Upload folder using huggingface_hub

ba25603 verified 1 day ago

4.83 kB

metadata

license: apache-2.0
base_model: Qwen/Qwen3-0.6B
tags:
  - SAT
  - combinatorial-optimization
  - classification
  - cube-and-conquer
  - data-augmentation
language:
  - en
pipeline_tag: text-classification

Qwen3-0.6B-SAT-VarSelector-Sym-Aug

A Qwen3-0.6B model fine-tuned for SAT branching variable selection using symmetry-based data augmentation.

Model Description

This model predicts which variable to branch/cube on next, given a SAT CNF formula state. It was trained with 5x augmented data using CNF symmetry transformations, resulting in significantly improved generalization.

Architecture

Base: Qwen/Qwen3-0.6B (causal language model)
Head: LayerNorm → Linear(hidden_size, 601)
Max Variables: 600
Pooling: Last non-pad token hidden state
Masking: Invalid variables (not in CNF) are masked to -10000 before softmax
Size: ~1.2GB (bfloat16)

Training with Symmetry Augmentation

This model was trained with 5x data augmentation using semantically-safe CNF transformations:

Augmentation	Description	Effect
Variable Permutation	Bijective remapping of variable IDs	Prevents memorizing specific variable numbers
Clause Shuffling	Random reordering of clauses	Teaches position-independence
Literal Reordering	Shuffle literals within clauses	Token-level variation
Polarity Flipping	Flip signs of random variable subset	Teaches structural vs. polarity features

Training Details

Parameter	Value
Original training samples	8,110
Augmented training samples	40,550 (5x)
Validation samples	902 (unaugmented)
Epochs	3
Hardware	8×H100 GPUs
Training framework	DeepSpeed ZeRO-3
Peak learning rate	5e-6
Best checkpoint	Step 1800 (epoch 2.84)

Performance Comparison

Model	Training Data	Top-1 Accuracy	Top-5 Accuracy
Qwen3-0.6B (baseline)	8,110 samples	~12%	~32%
Qwen3-0.6B (augmented)	40,550 samples	~19%	~42%
Improvement	+5x data	+7pp	+10pp

Key Insight: Why Validation Loss < Training Loss

During augmented training, you'll observe validation loss consistently lower than training loss. This is expected and indicates the augmentation is working:

Training data is harder — augmented CNFs with permuted variables, shuffled clauses
Validation data is clean — original CNFs without transformations
Model generalizes well — learned structural patterns, not memorized examples

Usage

import torch
from transformers import AutoTokenizer
from sft_qwen_var_classifier import QwenVarClassifier, cnf_valid_mask

# Load model
model = QwenVarClassifier("Qwen/Qwen3-0.6B", max_vars=600)
state_dict = torch.load("pytorch_model.bin", map_location="cpu")
model.load_state_dict(state_dict, strict=False)
model = model.to("cuda", dtype=torch.bfloat16)
model.eval()

# Load tokenizer
tokenizer = AutoTokenizer.from_pretrained("Qwen/Qwen3-0.6B")

# Prepare CNF input
cnf_text = """p cnf 100 250
1 -2 3 0
-1 2 -4 0
...
"""

# Tokenize
inputs = tokenizer(cnf_text, return_tensors="pt", truncation=True, max_length=8192)
inputs = {k: v.to("cuda") for k, v in inputs.items()}

# Get valid variable mask
valid_mask = torch.tensor([cnf_valid_mask(cnf_text, max_vars=600)], dtype=torch.bool, device="cuda")

# Predict
with torch.no_grad():
    outputs = model(**inputs)
    logits = outputs["logits"]
    logits = logits.masked_fill(~valid_mask, -1e4)
    predicted_var = logits.argmax(dim=-1).item()

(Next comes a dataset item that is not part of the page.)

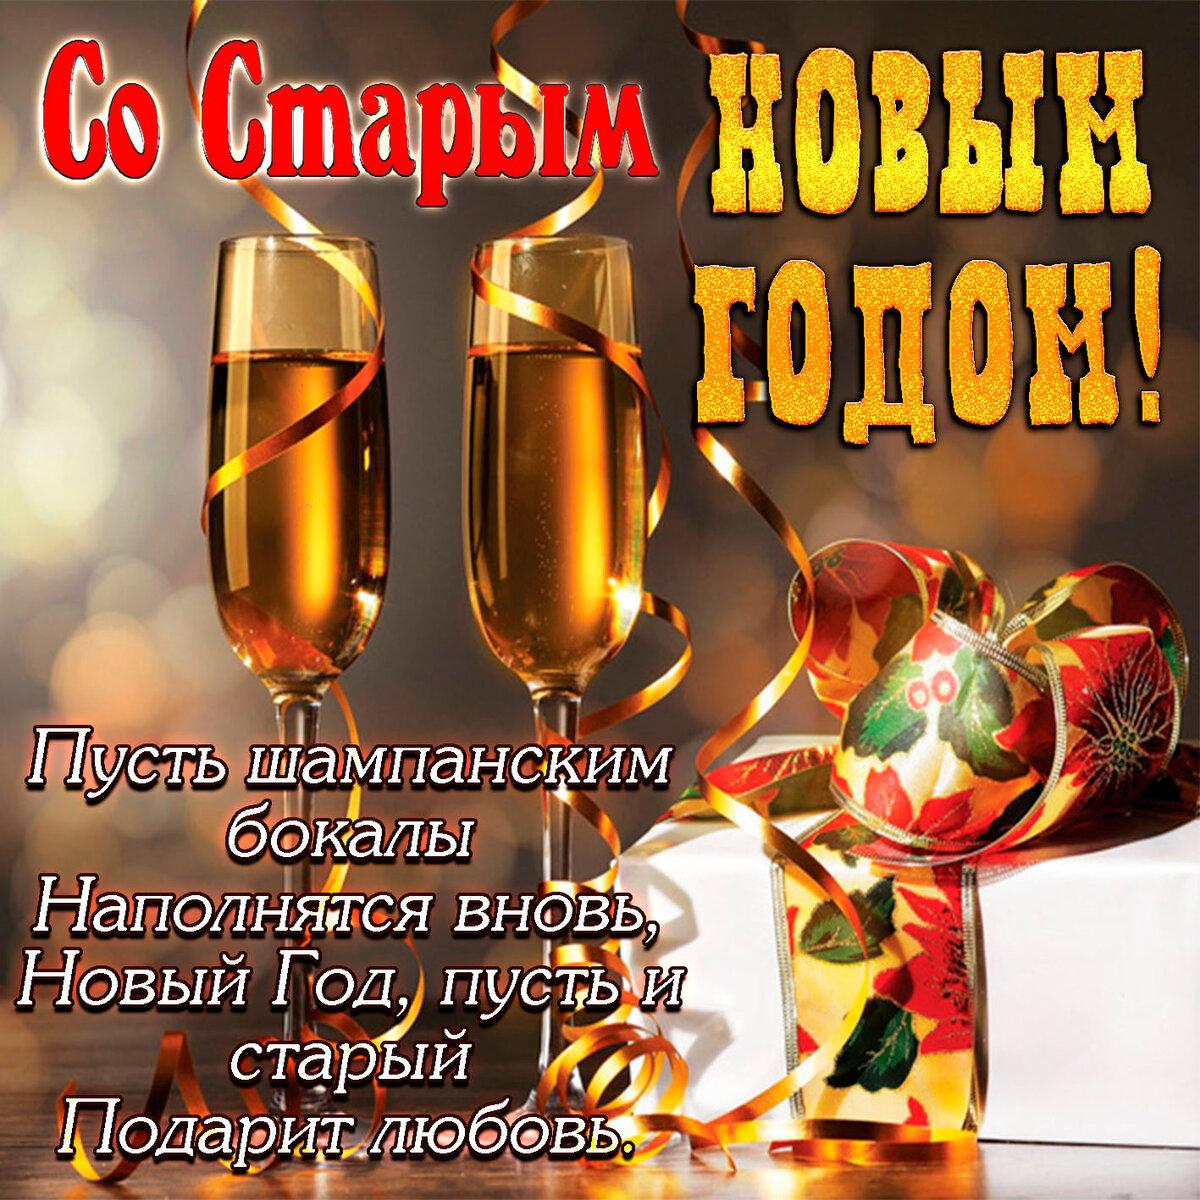 Старый новый год прикольные поздравления фото

print(f"Predicted branching variable: {predicted_var}")

Files

pytorch_model.bin - Model weights (~1.2GB, bfloat16)
sft_qwen_var_classifier.py - Model class definition (required for loading)

When to Use This Model

Better generalization than non-augmented version
Production/deployment with improved accuracy
When training data is limited — augmentation effectively multiplies your data

Augmentation Code

The augmentation script is available at:

Yale-ROSE/Transformer-SAT/new_transformer/augment_sft_dataset.py

Usage:

python augment_sft_dataset.py input.jsonl output.jsonl --multiplier 5

Limitations

Maximum 600 variables
Maximum 8192 tokens for CNF input
Trained on specific CNF distribution

Related Models

Qwen3-0.6B-SAT-VarSelector - Non-augmented baseline
Qwen3-4B-SAT-VarSelector - Higher accuracy, larger model

Citation

If you use this model, please cite the Transformer-CnC paper.

License

Apache 2.0